Funk was desperate to find it quickly, for soon the rebellion would be in its second month and that would look very, very bad. Polish Home Army activity had been spurred by the Jewish rebellion, and unrest among the occupied countries could be felt as a direct result. He simply had to finish it off before it went over a month’s duration.
A knock on the door.
“Enter.”
An eager young Waffen SS officer from Trawniki entered, snapped his heels together, unable to contain his joy. “Heil Hitler!” Untersturmführer Manfred Plank crackled.
“Heil Hitler.” Funk grunted.
“Herr Oberführer! We are certain we have located another entrance to the main Jew bunker!”
“Ja?”
“Jawohl!”
Funk showed the man the map. The young officer snapped off his cap and tucked it under his left arm, and his right forefinger shot out and pointed to the location of Nalewki 39. “Here we have discovered a drainage pipe.
It runs in this direction ... so. Along with the tunnel on Muranowski Place and the tunnel on Kupiecka Street, it converges on the same location ... here ...”
“Mila 18.”
“We may also have found the location in Mila 18 itself. A large removable oven on the first floor of the building which still stands is extremely suspicious. We did not wish to take action until we received your personal orders.”
Funk rubbed his hands together eagerly. “Four possible entrances. Good.”
In a few moments Oberführer Alfred Funk emboldened his troops by another of his personal appearances in the ghetto. Surrounded by two squads of sub-machine-gun-bearing Nazi guards, he marched alongside the exuberant Untersturmführer Plank until they came to a place which had once been a building, now a rubble heap.

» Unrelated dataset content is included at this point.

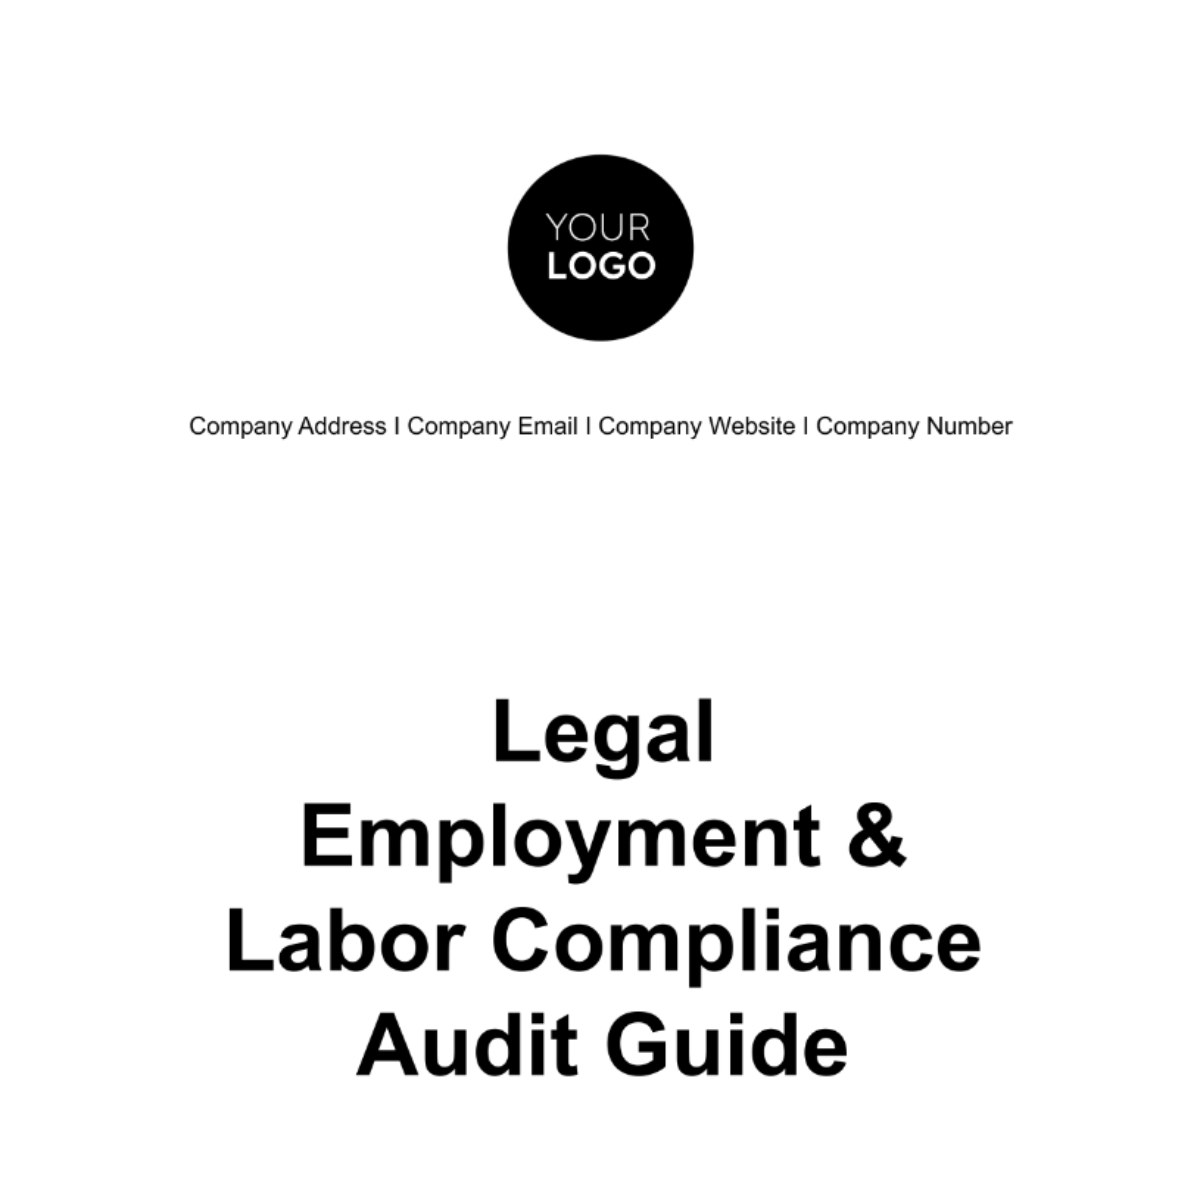 Legal Employment & Labor Compliance Audit Guide Template

Manfred Plank showed where the drainage pipe had been uncovered.
“We sent a man twenty meters deep into it. It becomes a tunnel at that point and turns sharply toward Mila 18.”
Funk looked at his watch. Two and a half hours of daylight left.
A staff car at the Przebieg Gate whisked him across town to Shucha Street and Gestapo House. Gunther Sauer was in a foul mood. His dog Fritzie had developed a cataract and was going blind. Moreover, his wife wrote complaining letters about the shortages of butter and meat developing at home.
Now Funk. These SS people were impossible. Himmler’s saving grace was his love for animals. Poor Himmler couldn’t bear to see a hurt dog. It was confided to him at one of the gassings at Treblinka that he had attended with Himmler. Himmler despised Goring, who was cruel to animals.
Sauer gave Fritzie an affectionate pat on the head and looked up to Alfred Funk in his grandfatherly way.
“I want to see the three Jews from the bunker. The Moritz Katz man and the others.”
“So?”
“We have located three entrances to their precious bunker. Faced with these facts, perhaps they will talk.”
Sauer reached in the drawer and gave the dog a tidbit. “Can’t see them,” he said.
“And why not?”
“They’re dead. Tried to break them down. Turned them over to the dogs last night. There, Fritzie ... good boy ... good boy.”
“Simon, come quickly.”
He pushed down the dark corridor. Alex opened the curtain to Rabbi Solomon’s cell. The last doctor left in the ghetto knelt over the old man’s prostrate body. The rabbi presented little more than a weightless bag of bones. His eyes were opened like a defiant Elijah doing combat with the wicked priests of Jezebel. His bony fingers clutched Torah scrolls.
Simon lifted his body and placed it on the cot and closed Rabbi Solomon’s eyes, and he looked inquiringly at the doctor.
“Don’t ask me why he died. Old age, lack of air ... grief ... who knows?”
“Last night he told me he would die today,” Alex said.
“And what did he say?” Simon snapped. “To fight tyrants is to honor God?”